In July, Nokia Networks and a consortia including German research body Institut für Rundfunktechnik launched Europe’s first eMBMS trials for national broadcasting. This trial in Munich was the first to apply the technology on the UHF spectrum, using part of the 700MHz band to broadcast over a 200 square-km area. 700MHz is the hotly contested spectrum used by DTT in Europe.
“Our approach is to learn if there is a new convergent system benefiting TV and mobile for both linear and on-demand personalised video,” says Klaus Illgner-Fehns, managing director, IRT. “Is there a unified air interface which can serve millions of users at the same time and provide business opportunities for both mobile and broadcast?”
Cellular networks are increasingly being used for video acquisition. In 2014, BT Sport outfitted three vehicles with LiveU LU500 units and Xtender remote antennas, giving the network a “fleet-footed and effective way of allowing sports journalists to get the story back to us,” says BT chief engineer Andy Beale.
According to Nokia, LTE-B promises new revenue sources for operators by distributing TV over existing mobile broadband infrastructure.

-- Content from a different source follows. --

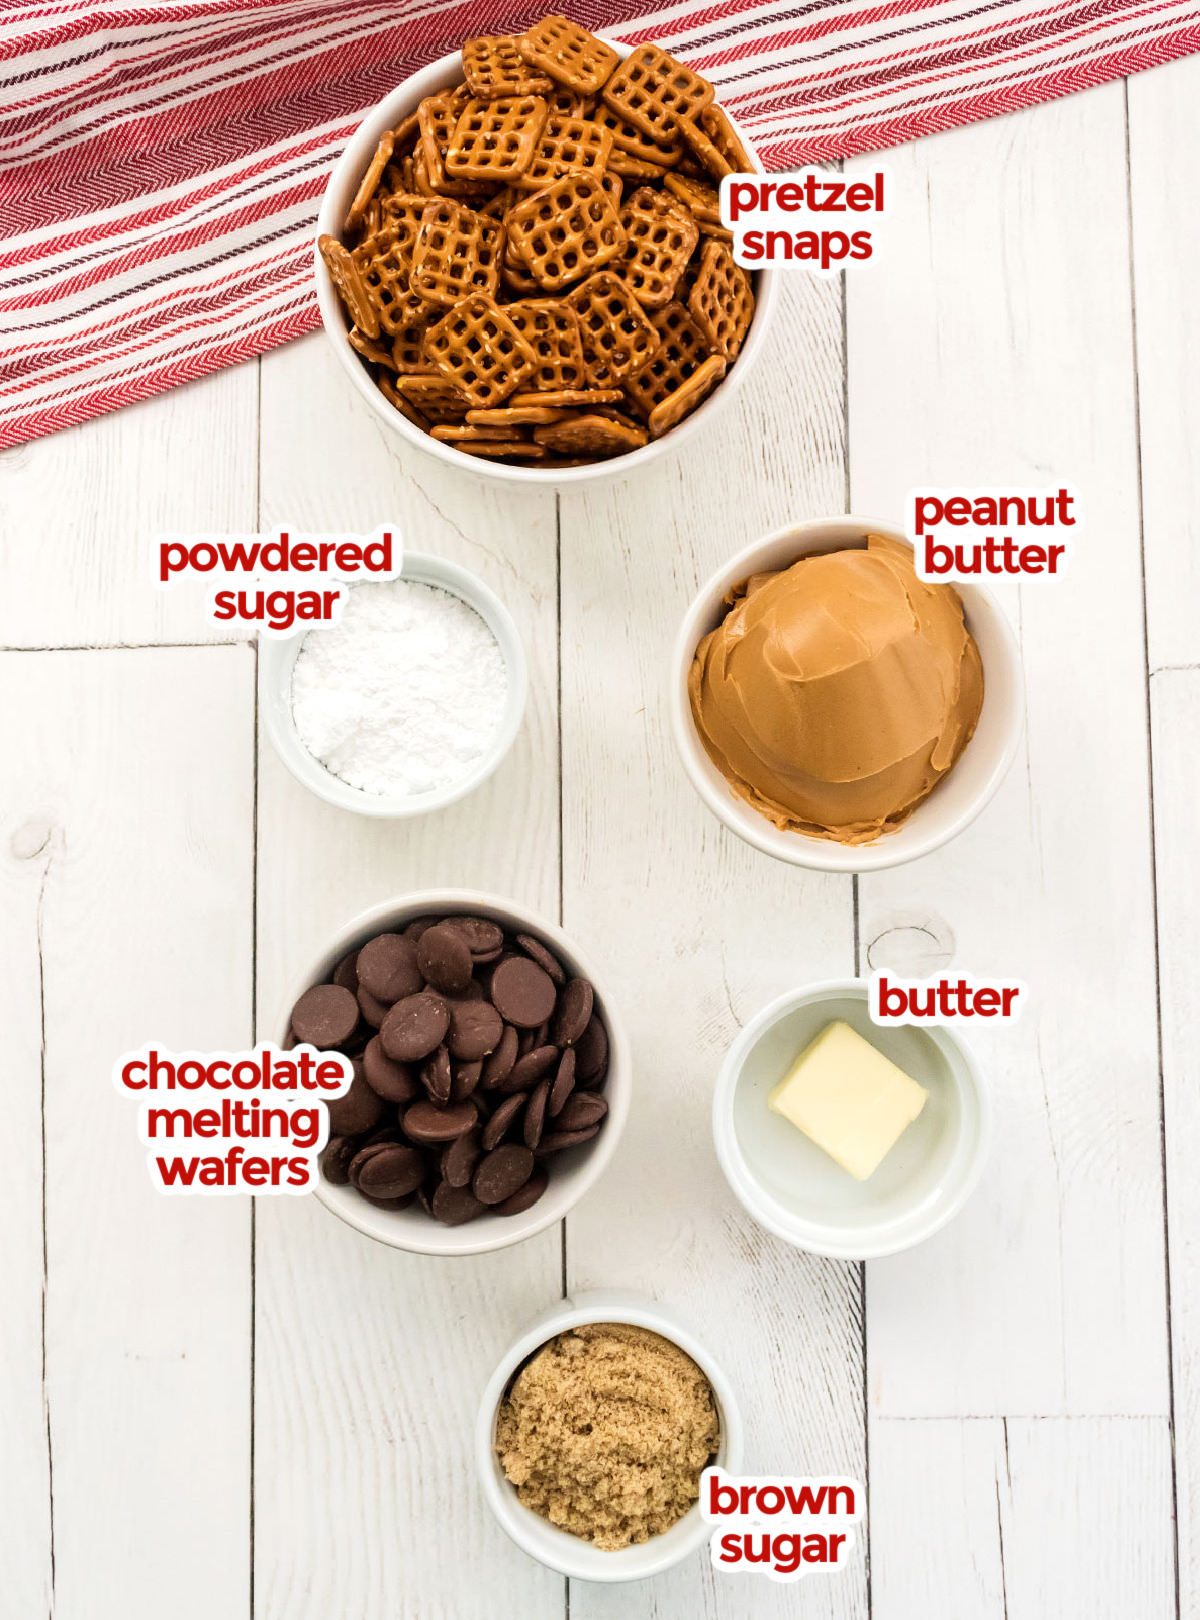 All the ingredients you will need to make Chocolate Peanut Butter Pretzel Bites including Pretzel Snaps, Powdered Sugar, Peanut Butter, Chocolate Melting Wafers, Butter and Brown Sugar.

Subscribers would be able to watch TV on their devices without eating into their mobile data plan and independent of network load. It would allow for a free-to-air or pay TV service while broadcasters and content providers could extend their reach to mobile users and open the door for a multitude of interactive services.
The drive to LTE has not yet been as strong in the region as in North America because Europe lacks a harmonised approach to technology rollouts. However, Ericsson is among those that suggest the lag is also the result of factors such as having well-developed 3G networks.
Devices are another impediment to wide consumer adoption, although Qualcomm has begun to introduce eMBMS support as standard issue in its Snapdragon chipsets.
Speaking on the topic at trade event IBC, Frank Hermans, Ericsson’s head of TV and media sales, said, “We see the 2015-2019 time frame holding significant revenue opportunities once you bring the ecosystem partners together of content, stadia, mobile, and technology. There is real money in LTE Broadcast. Innovation will only increase.”
Cellular Opens New Markets
There is a profound technology shift in electronic newsgathering (ENG) underway as wireless technologies augment and in some cases supplant satellite systems.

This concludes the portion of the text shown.